Spezialkräfte kommen weltweit zum Einsatz. Die Amerikaner aber sind die Meister der Special Operation Forces (SOFs). Der Schweizer Fachbuchautor Kaj-Gunnar Sievert beschreibt in seinem Buch „Überall und Jederzeit“ (HIER unsere Buchbesprechung) die verschiedenen SOFs aus den USA in ihrer Praxis. Sievert, selber ehemaliger Kommandant der Schweizer Eliteeinheit Fallschirm Aufklärer Kompanie 17, kommt ebenfalls aus dieser SOF Praxis. SPARTANAT hat ihn zum Interview eingeladen und wollte wissen, wie sich die zukünftige Rolle der Spezialkräfte verändern wird.

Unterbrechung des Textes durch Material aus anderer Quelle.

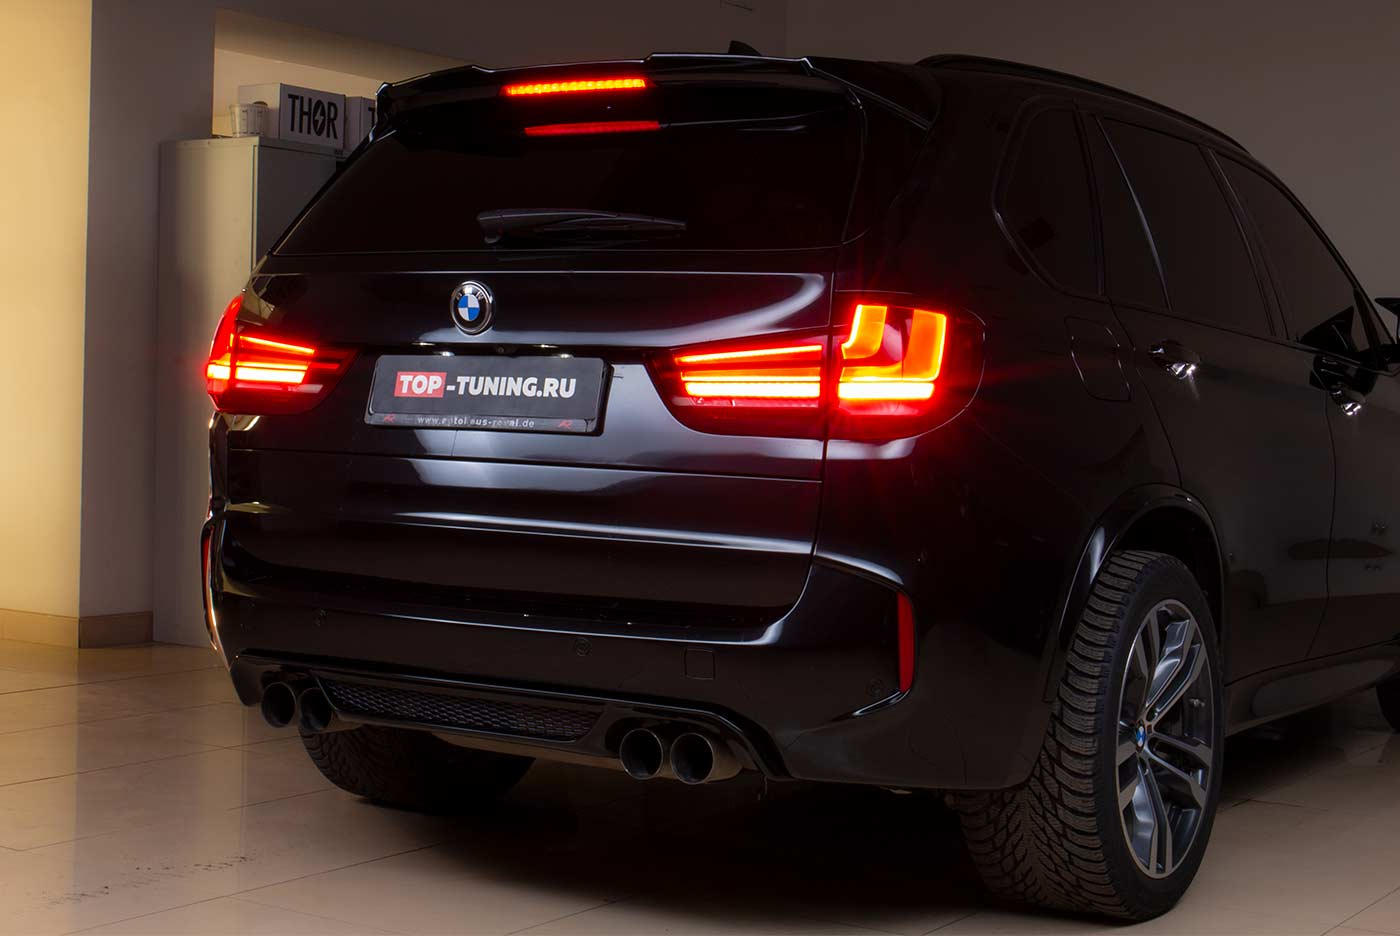 103060 Новый М-бампер F85 для BMW X5 F15 + многое другое

SPARTANAT: Ihr Buch heißt „„Überall und jederzeit““ und präsentiert „US Special Forces im Einsatz“. Können die Amerikaner wirklich überall und jederzeit sein?

Kaj-Gunnar Sievert: Natürlich nicht. Tatsache hingegen ist, dass die Amerikaner als einzige Weltmacht über die Möglichkeit verfügen, überall und innert kürzester Zeit mit zivilen und militärischen Mitteln –- und dazu zählen auch Special Operation Forces (SOF) – – ihre Interessen wahrzunehmen und durchzusetzen. Ihre verschiedensten, hochmodernen Sensoren und Systeme erlauben es ihnen, auch Gebiete in ihrem Interessengebiet (fast) konstant zu überwachen und wenn nötig geeignete Mittel zu entsenden.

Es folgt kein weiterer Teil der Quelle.